资源环境科技发展态势分析平台

Adequate forecasting, nowcasting, and parameterization of fog and low clouds is still challenging despite being the focus of intensive research for a long time. Stratocumulus clouds have the ability to self-organize into a variety of topological structures, including closed and open convection cells, convection rolls, and scattered cumulus. A lot is known about the large-scale conditions in which shallow clouds and fog develop and decay. However, because of the various complex interactions with the environment, transitions between these various cloud regimes are hard to capture in numerical models. Recent work viewed these cloud regimes as the equilibrium states of phase transition in a stochastic model.
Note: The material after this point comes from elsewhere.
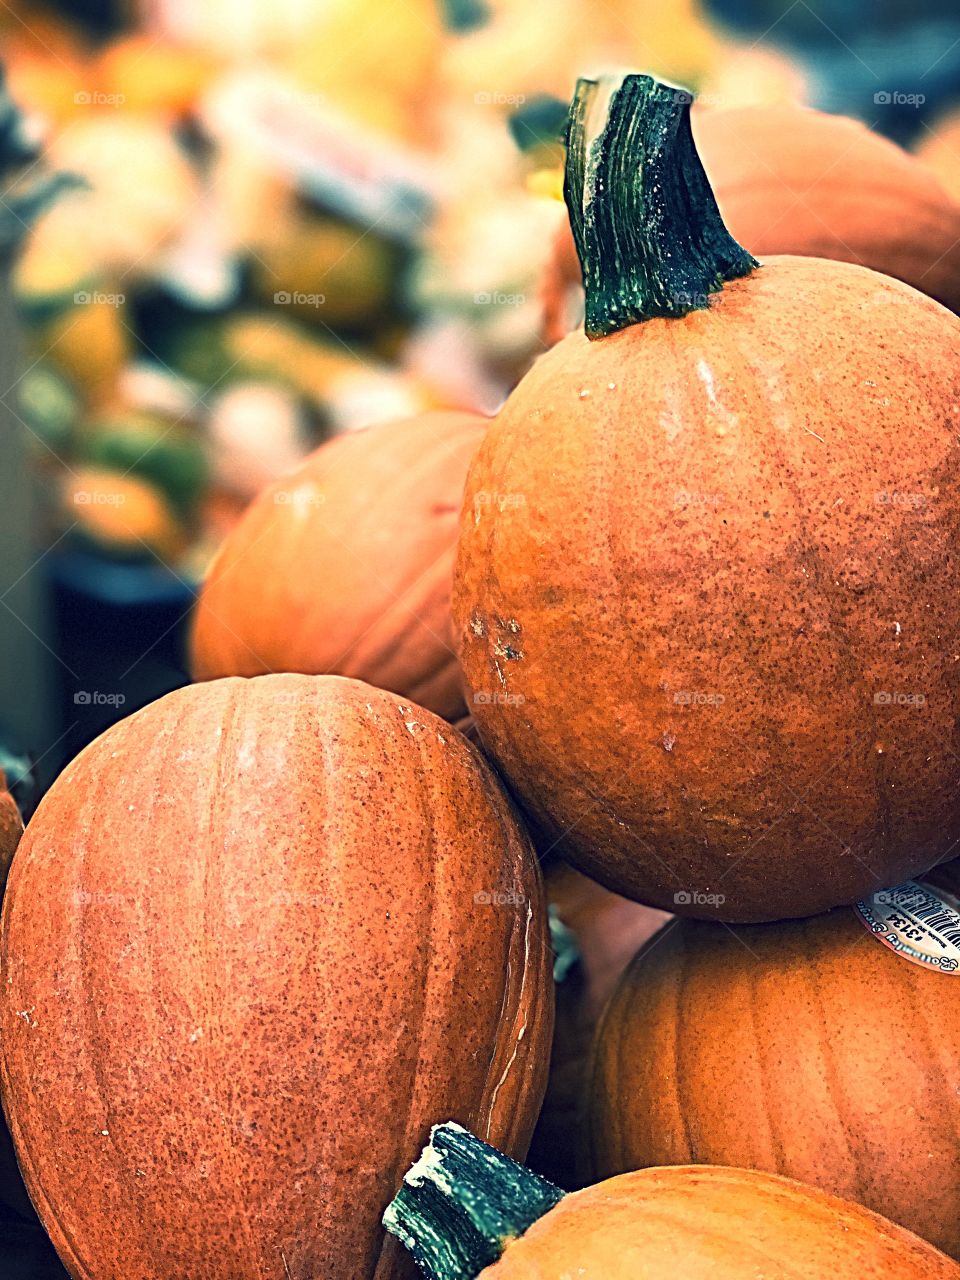 #Thanksgiving #october #holloween #pumpkin #trending

Here we build on this idea to propose a new stochastic model based on the lattice particles-Ising model of statistical mechanics, bringing in important improvements by allowing, for example, multiple equilibria and for direct feedback onto the large-scale dynamics. Idealized numerical simulations demonstrate that the new model reproduces qualitatively the observed regimes of stratocumulus when the external forcing is varied. The new model forms a metastable dynamical system where transitions between extreme regimes occur dynamically, that is, within the same numerical simulation, for a large range of fixed parameter values, and sometimes lead to the co-occurrence of mixed states with pockets of closed cells and open cells intercepted by regions of scattered cloudiness, resembling the emergence of convection rolls in nature. This is believed to be a step forward in improving the parameterization of shallow clouds in climate models.